_What to work on_
The line that contains "JIMMY CHOO Purse" marks the start. Please set it down, with every later line of the data, exactly and without pictures.

_Input data_

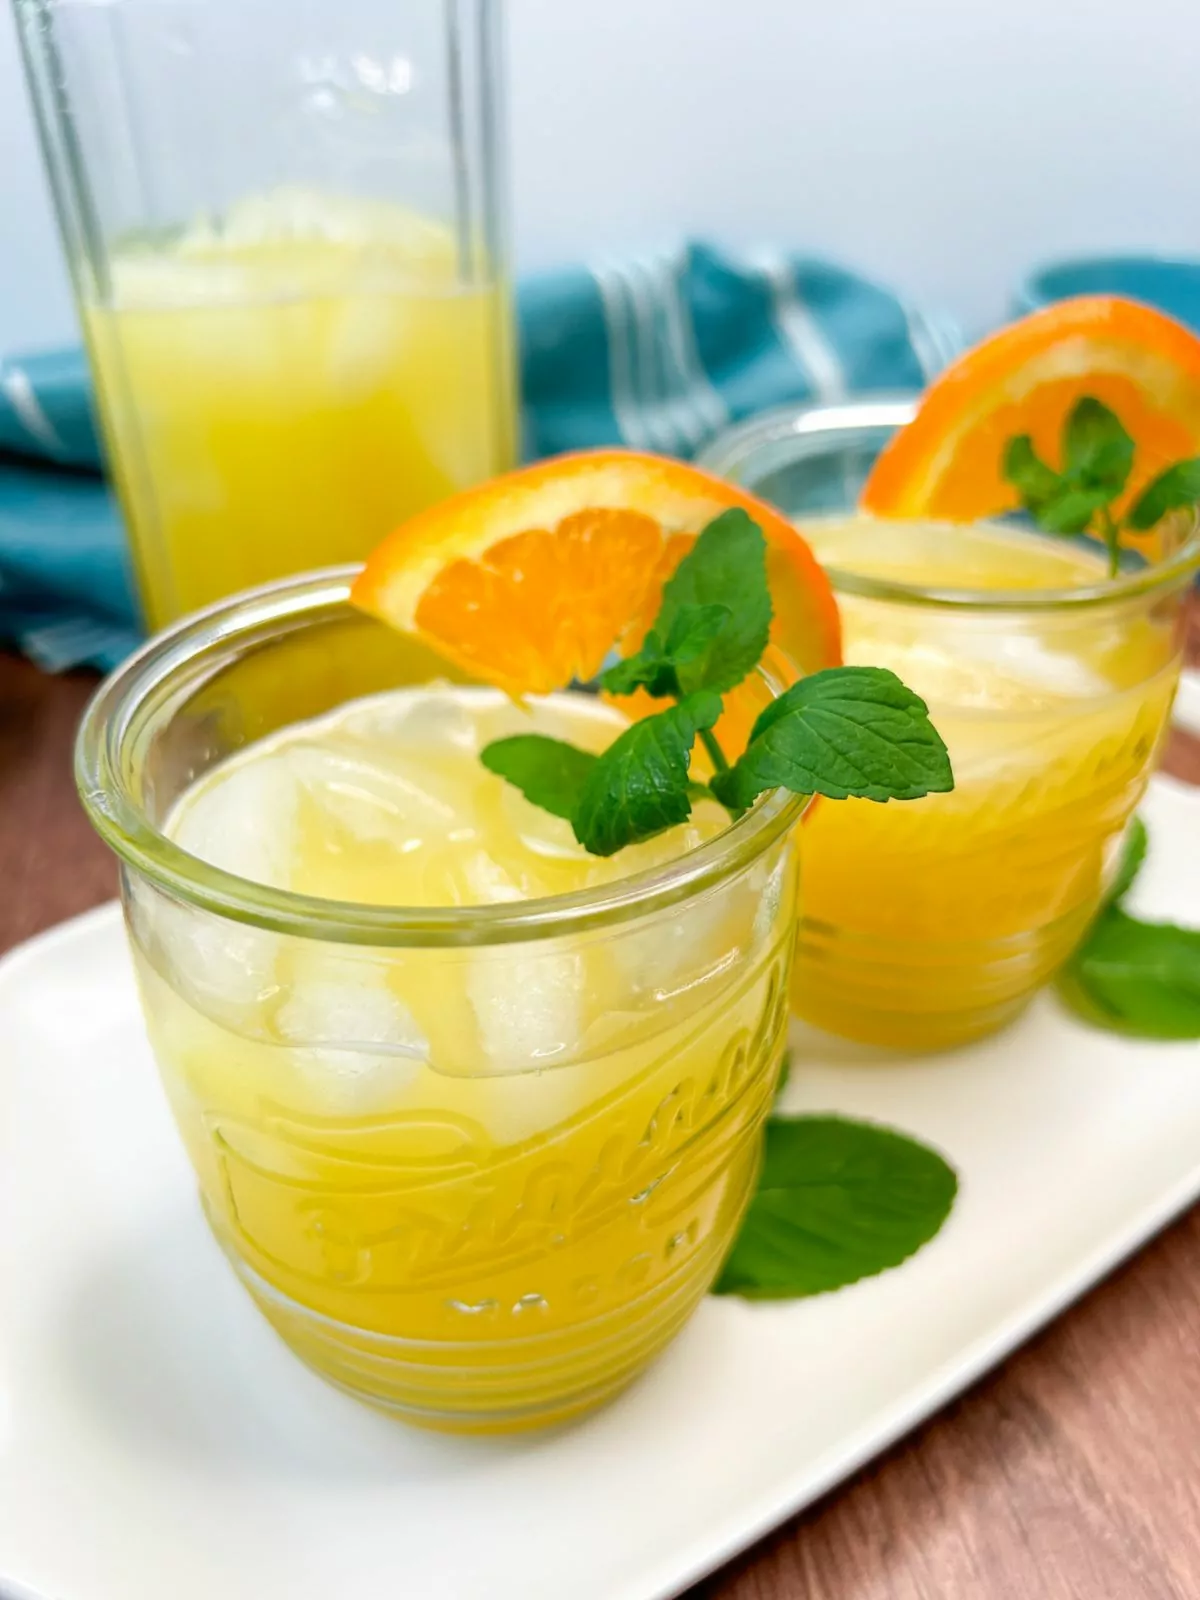 coconut water and orange juice drink served
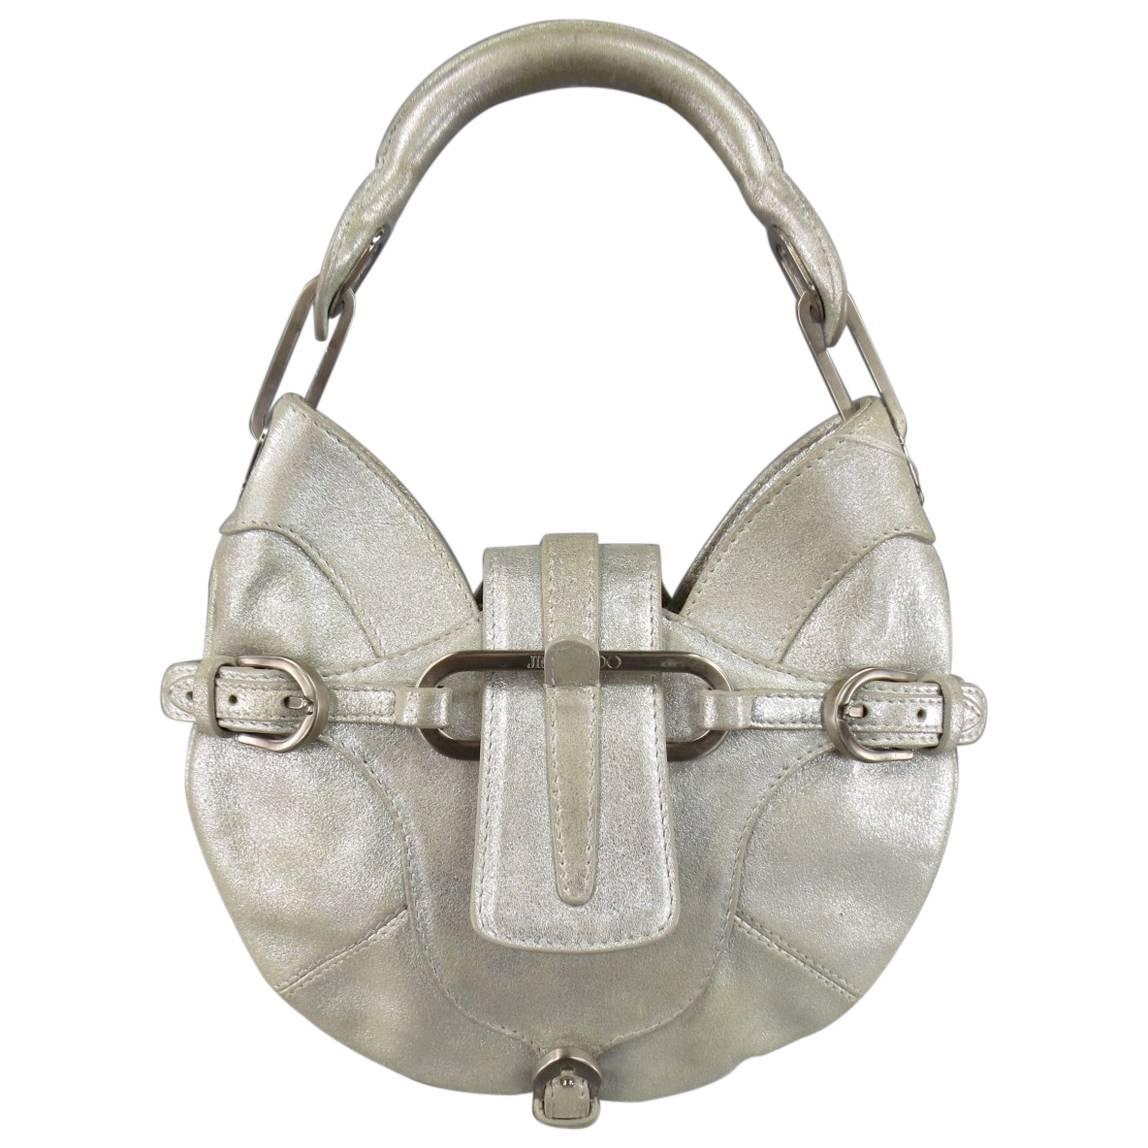 JIMMY CHOO Purse - Handbag - Metallic Silver Leather Mini Tulita Hobo
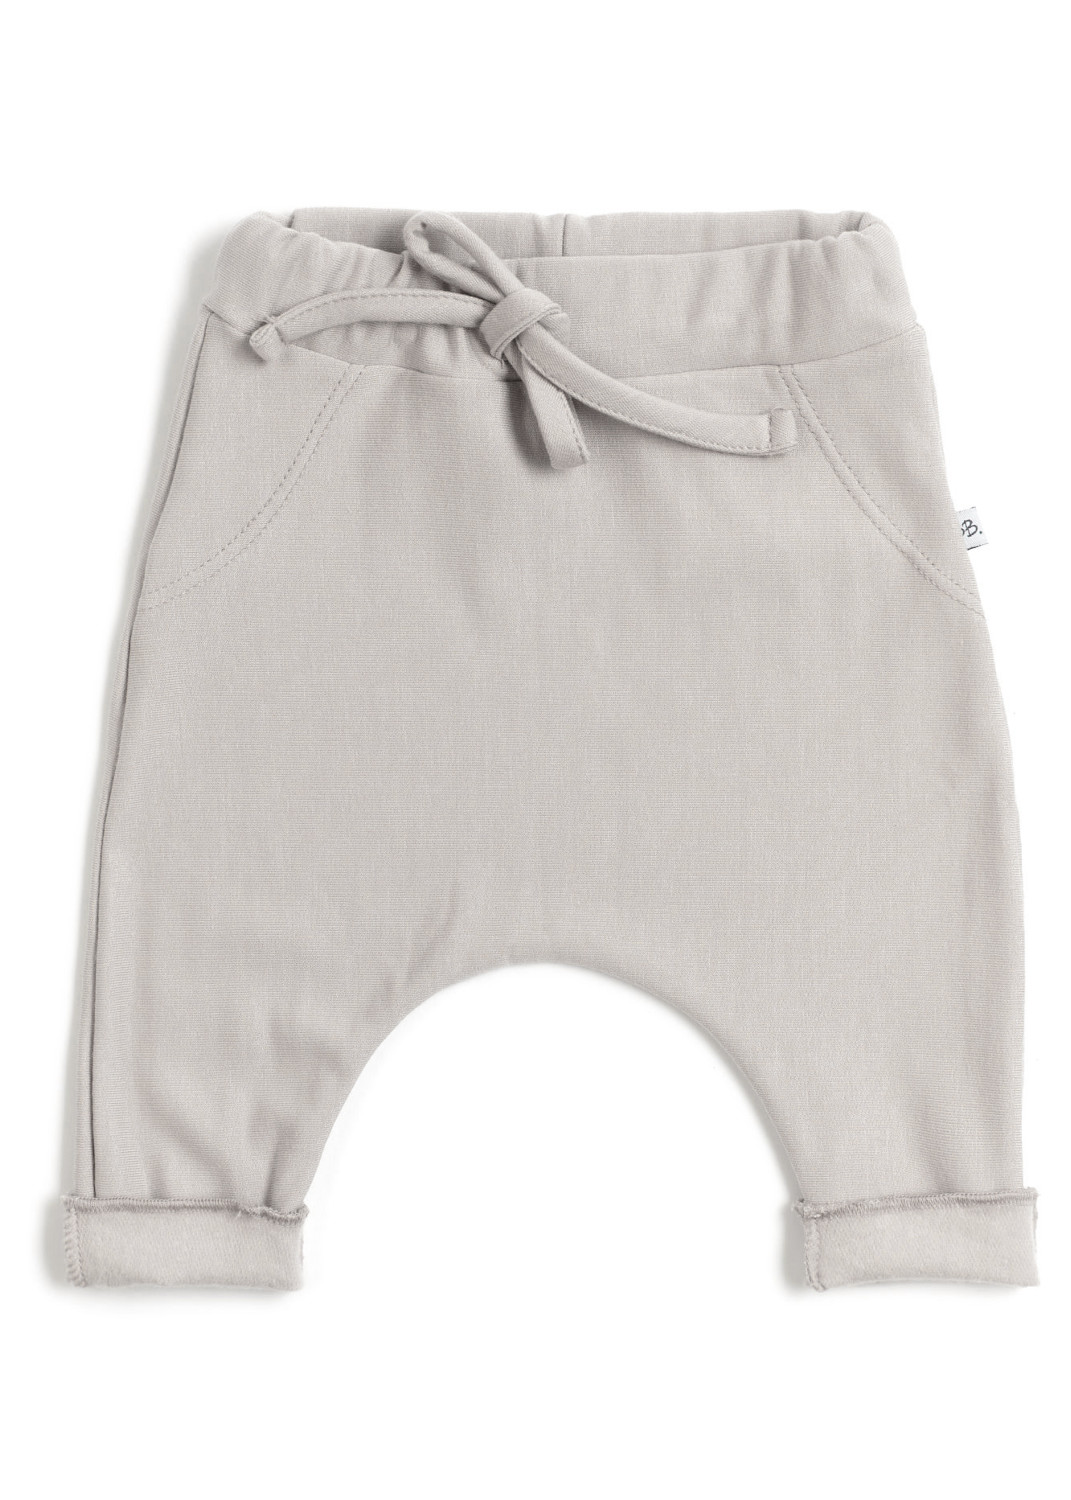 Pantaloni per neonati e bimbi in Bamboo organico Sabbia_100250

_Result_
 JIMMY CHOO Purse - Handbag - Metallic Silver Leather Mini Tulita Hobo
 Pantaloni per neonati e bimbi in Bamboo organico Sabbia_100250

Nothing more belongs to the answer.